◆ **EXERCISE REQUIREMENTS**: Copy exactly and only the lines running from the one that contains "上海UNutrition企业标志设计" to the final line of the data below, without the pictures.

··· INFORMATION SHOWN ···

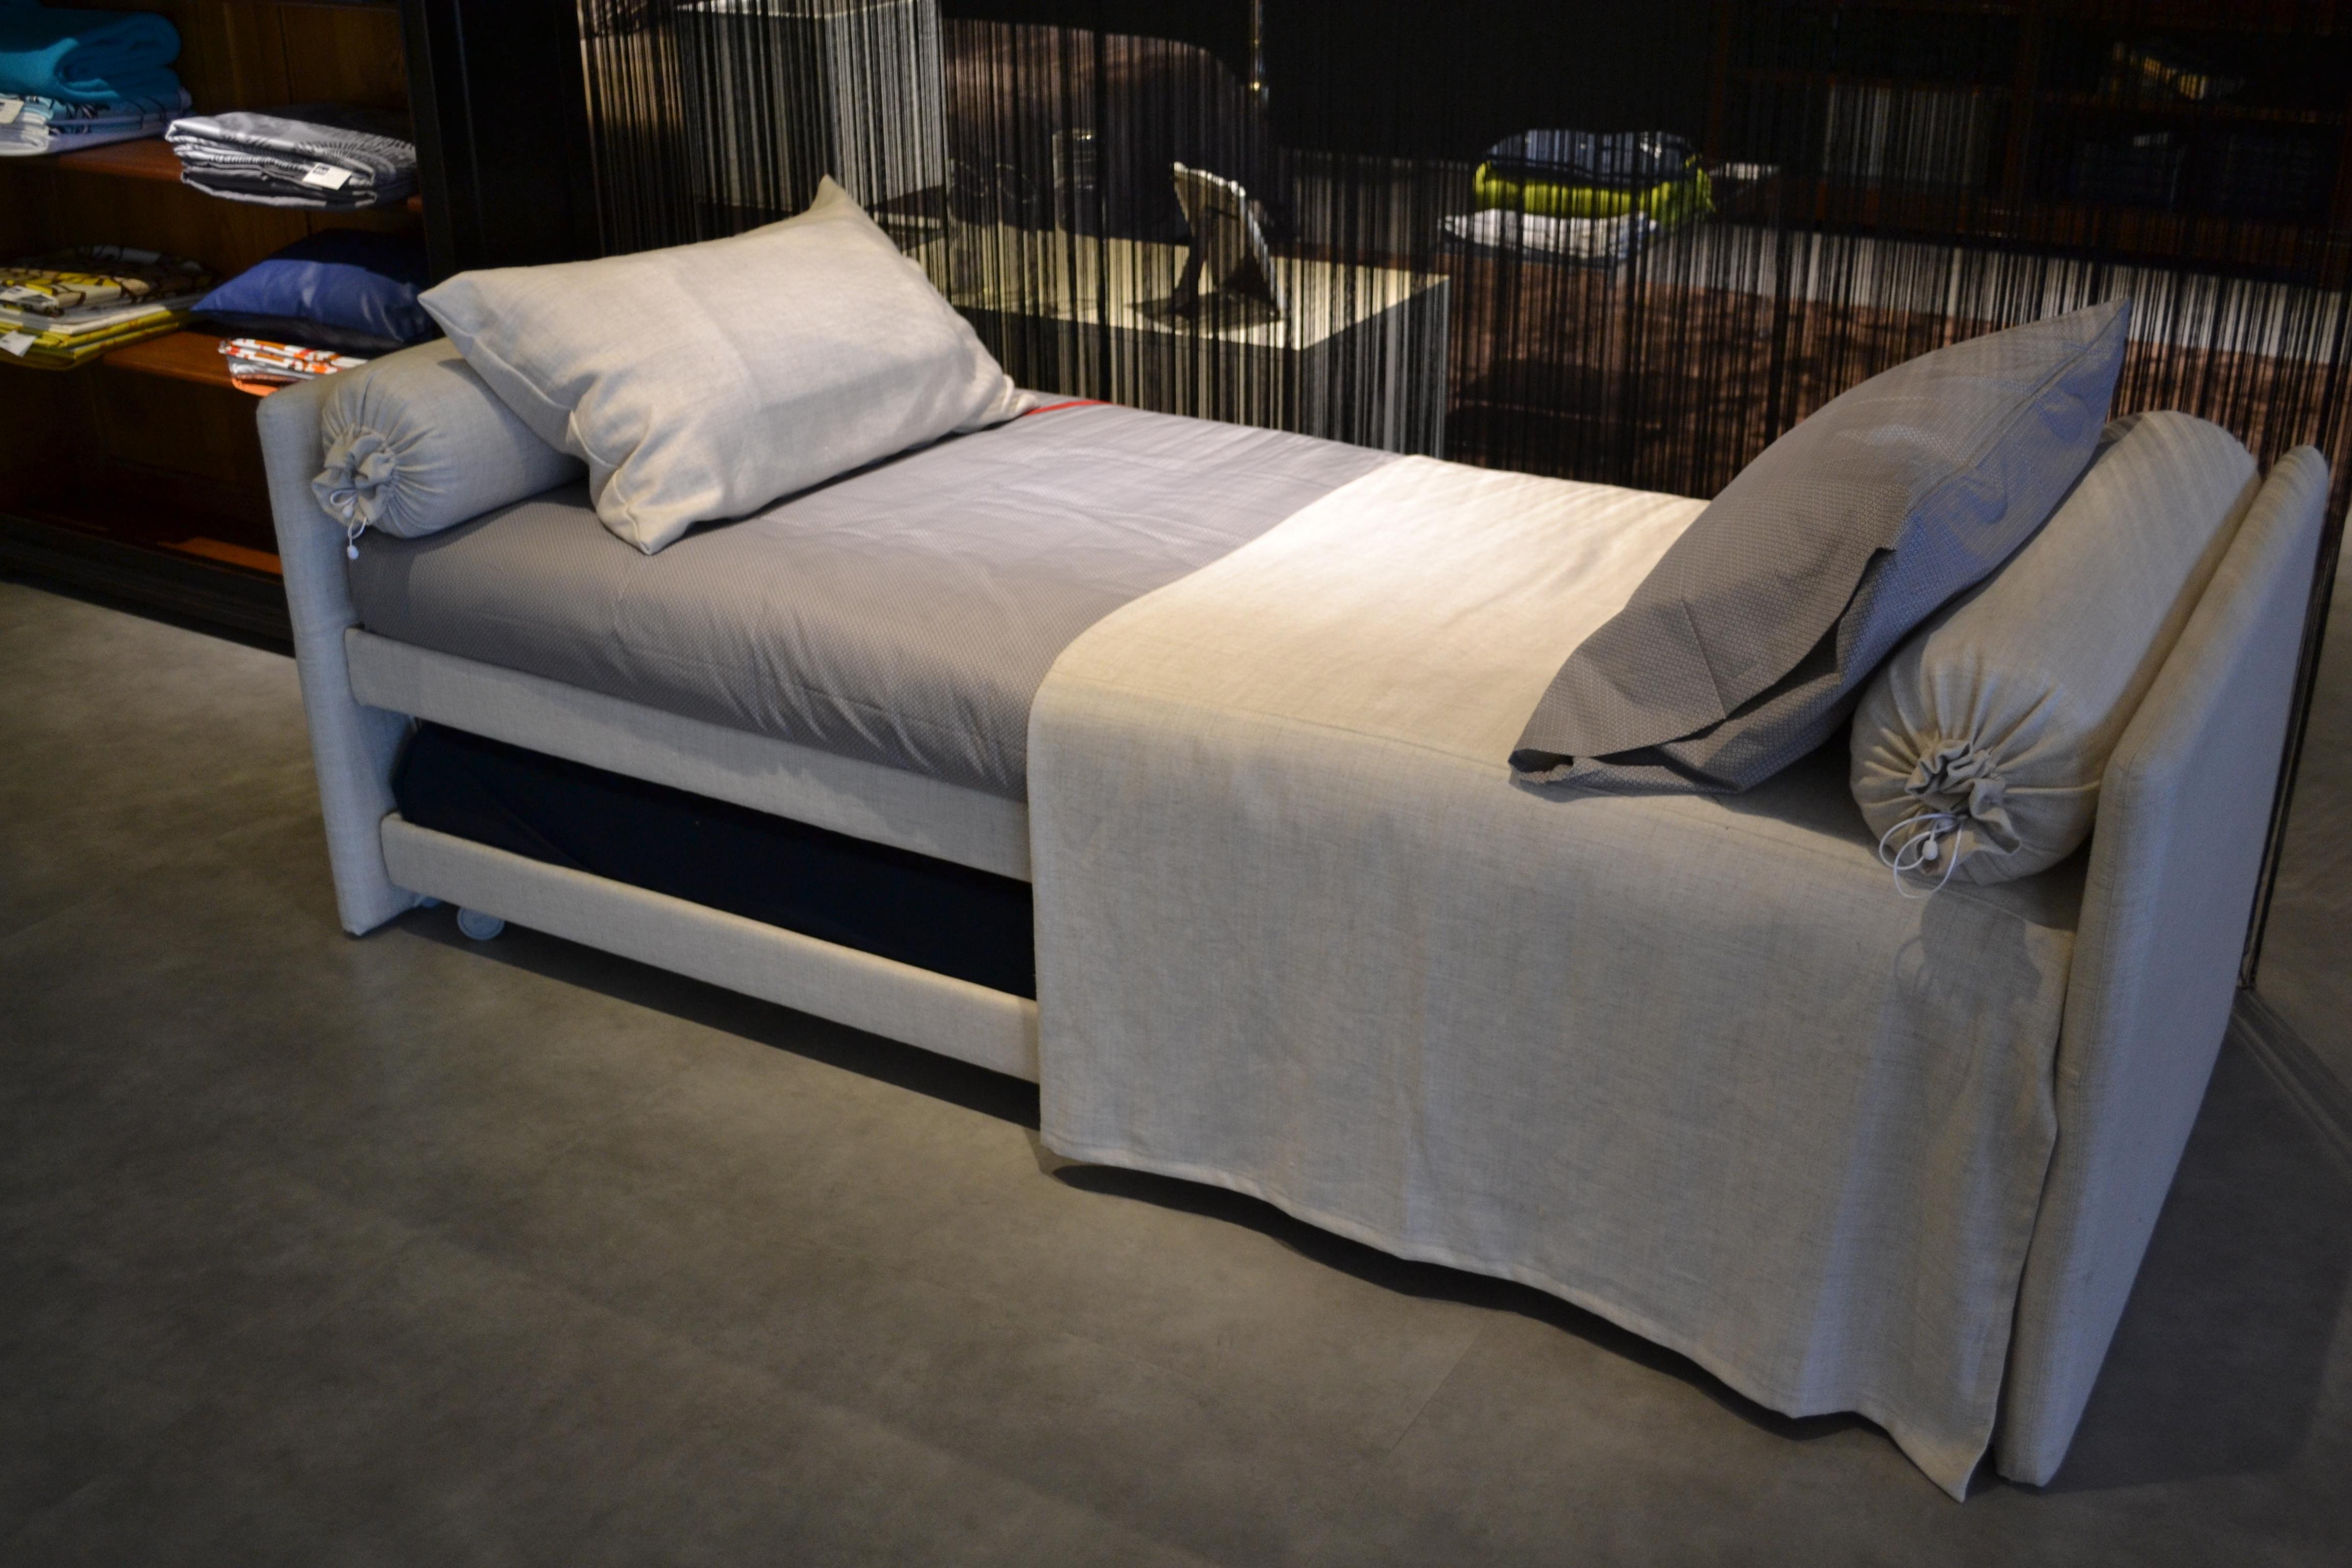 Divani Letto Flou ~ Idee Creative su Design Per La Casa e Interni
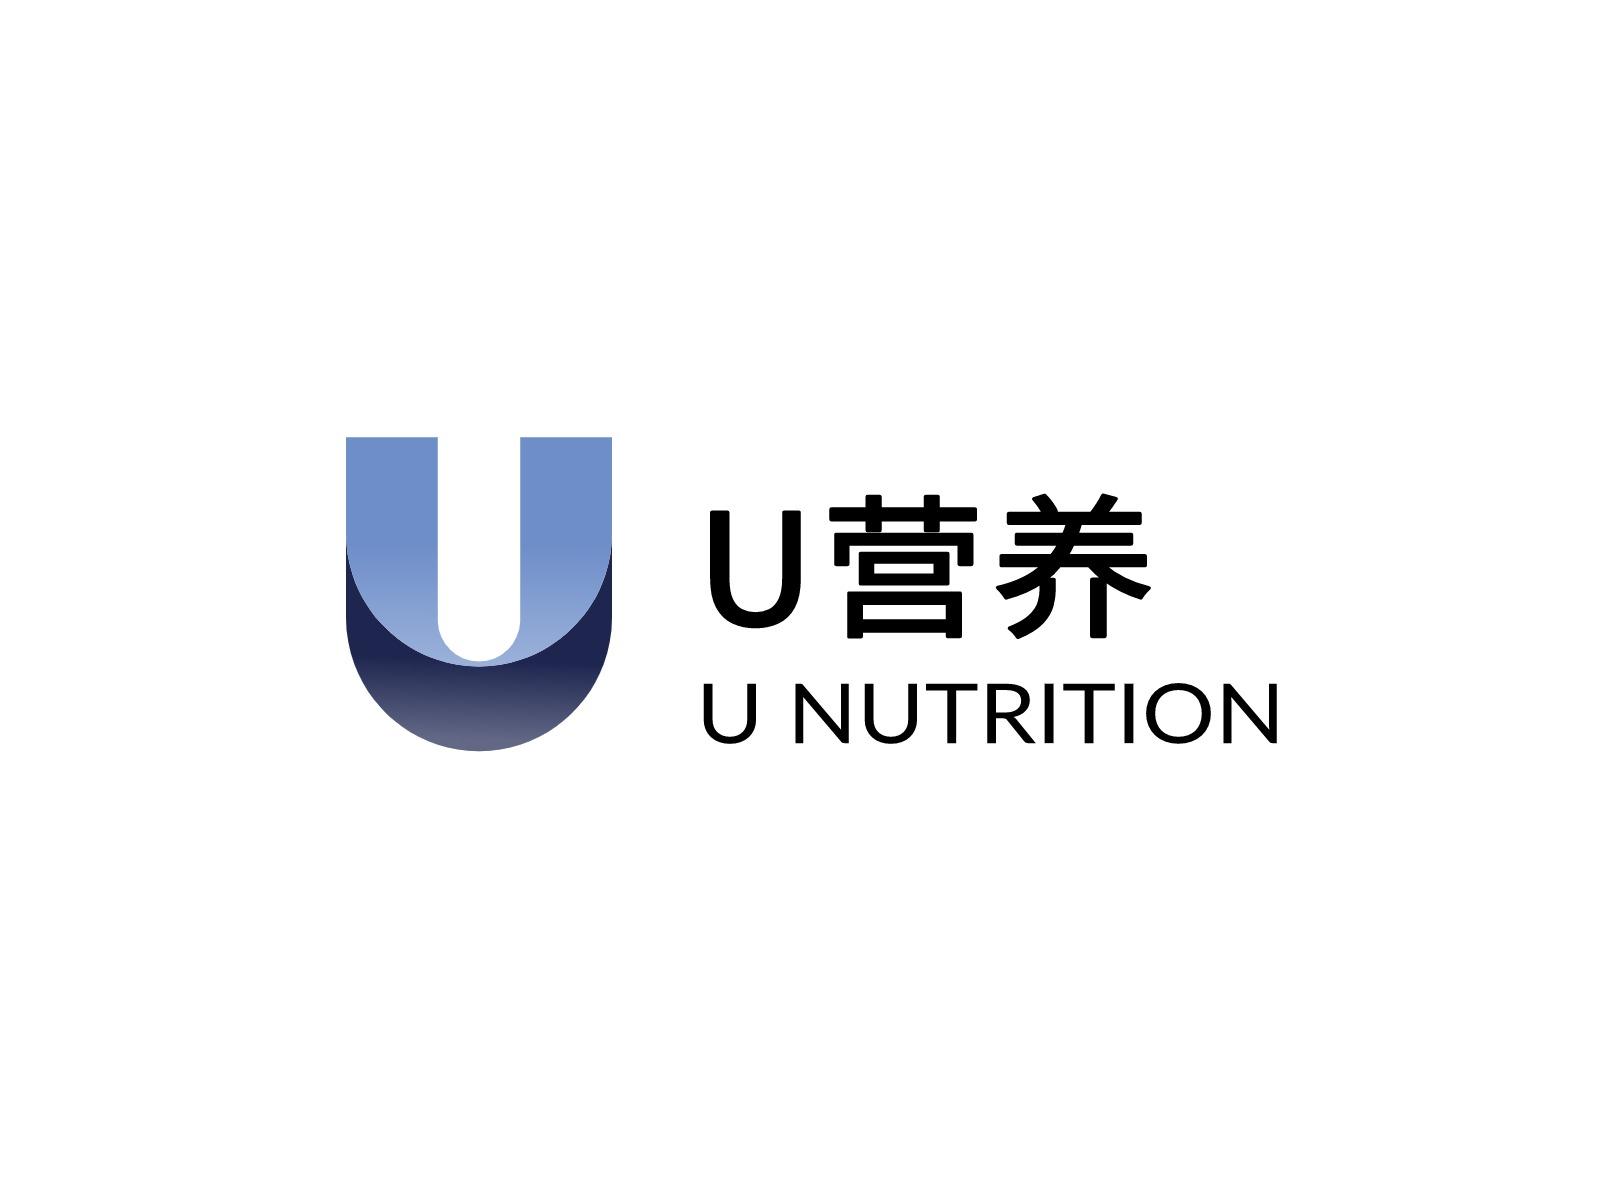 上海UNutrition企业标志设计
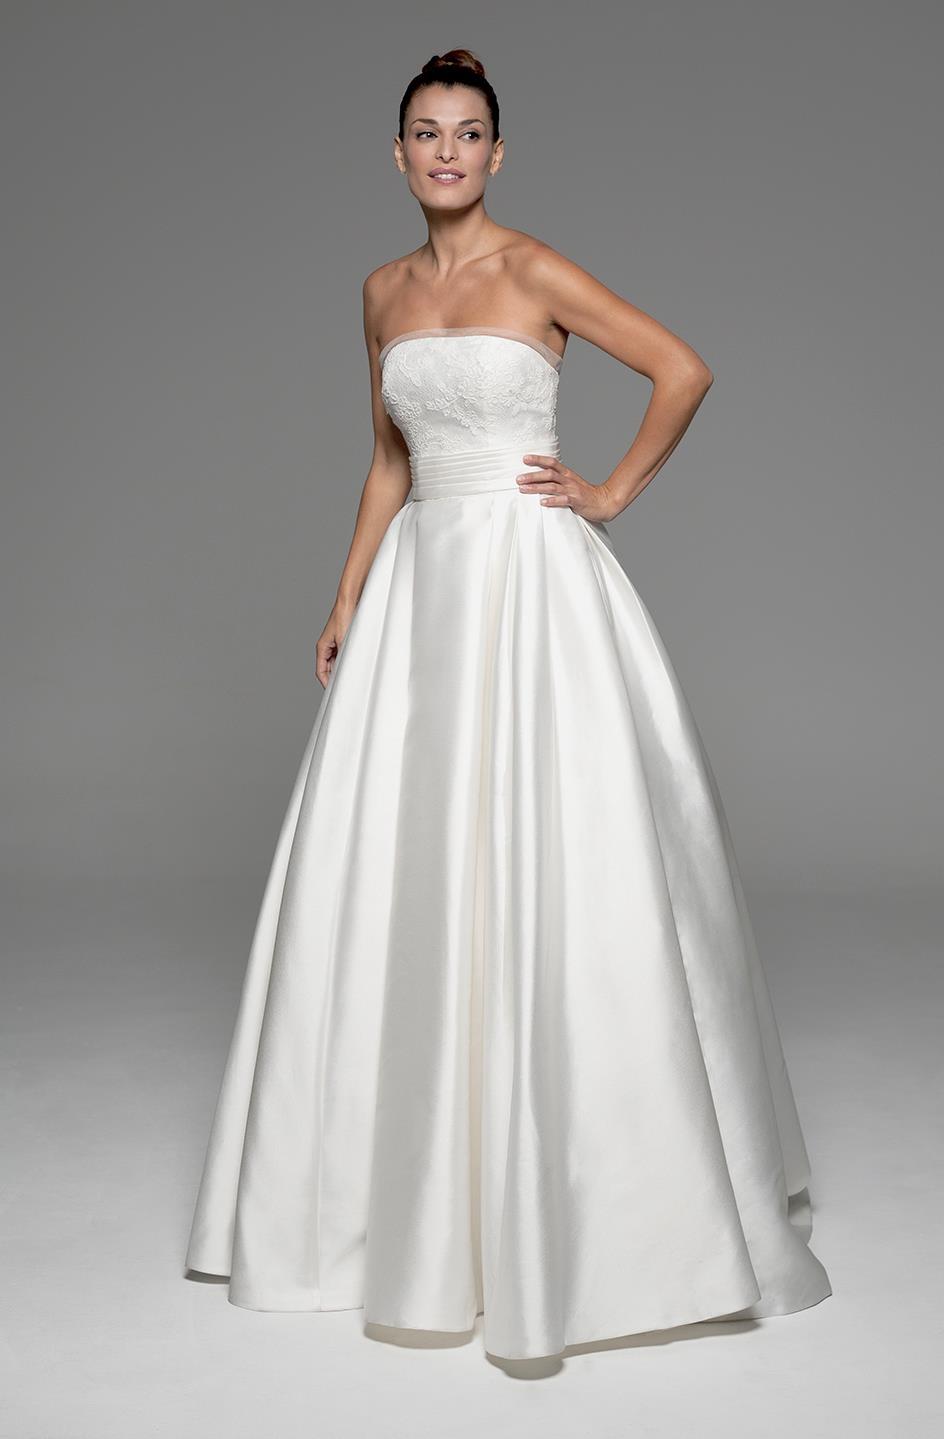 516ad1f3961 Vestido de novia Modelo Ayla de Innovias en corte princesa, mikado de seda  y encaje rebrodé con escote en straples

···

◆ **SOLUTION**:
 上海UNutrition企业标志设计
 516ad1f3961 Vestido de novia Modelo Ayla de Innovias en corte princesa, mikado de seda  y encaje rebrodé con escote en straples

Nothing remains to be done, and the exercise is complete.